As for compression due to drive forces These are normally taken out at head frame and tail take up. To take compression all the way down a conveyor truss system implies a continous structure with possibe thermal expansion problems between your local max and min temperatures. Best to not allow for this compression in individual trusses and incorporate sliding joints whwre appropraite.

Considering surcharged belt and full live load - What's the first thing they'll do if the system chokes up? - they'll send as many people as possible to go and clear it. It is also likely that a lot of material will end up on the walkways. So I think this is a valid scenario.

Also wind needs to be considered - under normal operating, your maximum allowable wind (before shut down) will increase compression on the top windward chord and tension on the bottom leeward chord.
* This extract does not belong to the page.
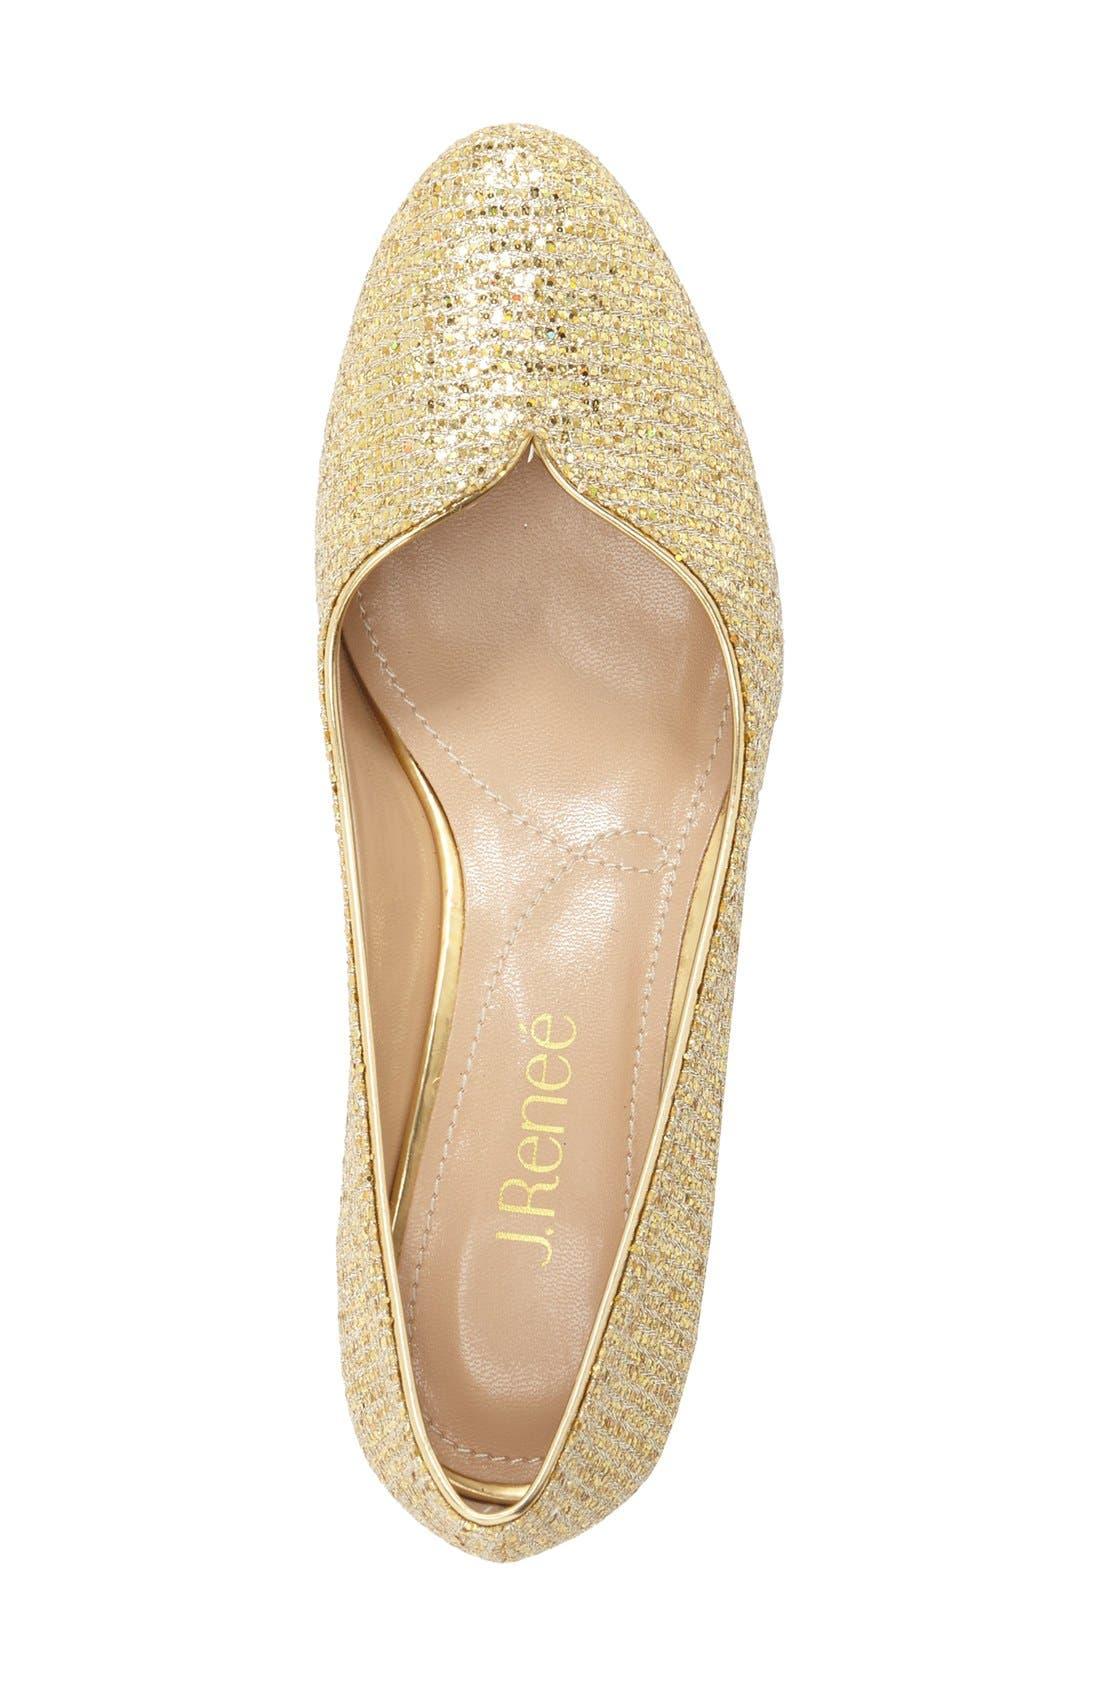 'Bambalina' Block Heel Glitter Pump,                             Alternate thumbnail 3, color,                             Gold Glitter Fabric

I trust you are using computer models so covering all these eventualities should be a breeze.
 
I know it has been a while since there was any activity on this thread, but I had a question regarding what kind of software you are using to model these scenarios. I have an existing conveyor that we want to modify (move legs, enclose, etc.) and I am concerned that the framework will not handle the loads as originally desinged. Thanks in advance for the assitance.
 
I use RISA 3D. It is a general three dimensional structural analysis program. It is quick, and easy to use. Typically I would model the truss to the exact dimensions on the drawings, (for new truss), apply loads, and then analyze the different load combination.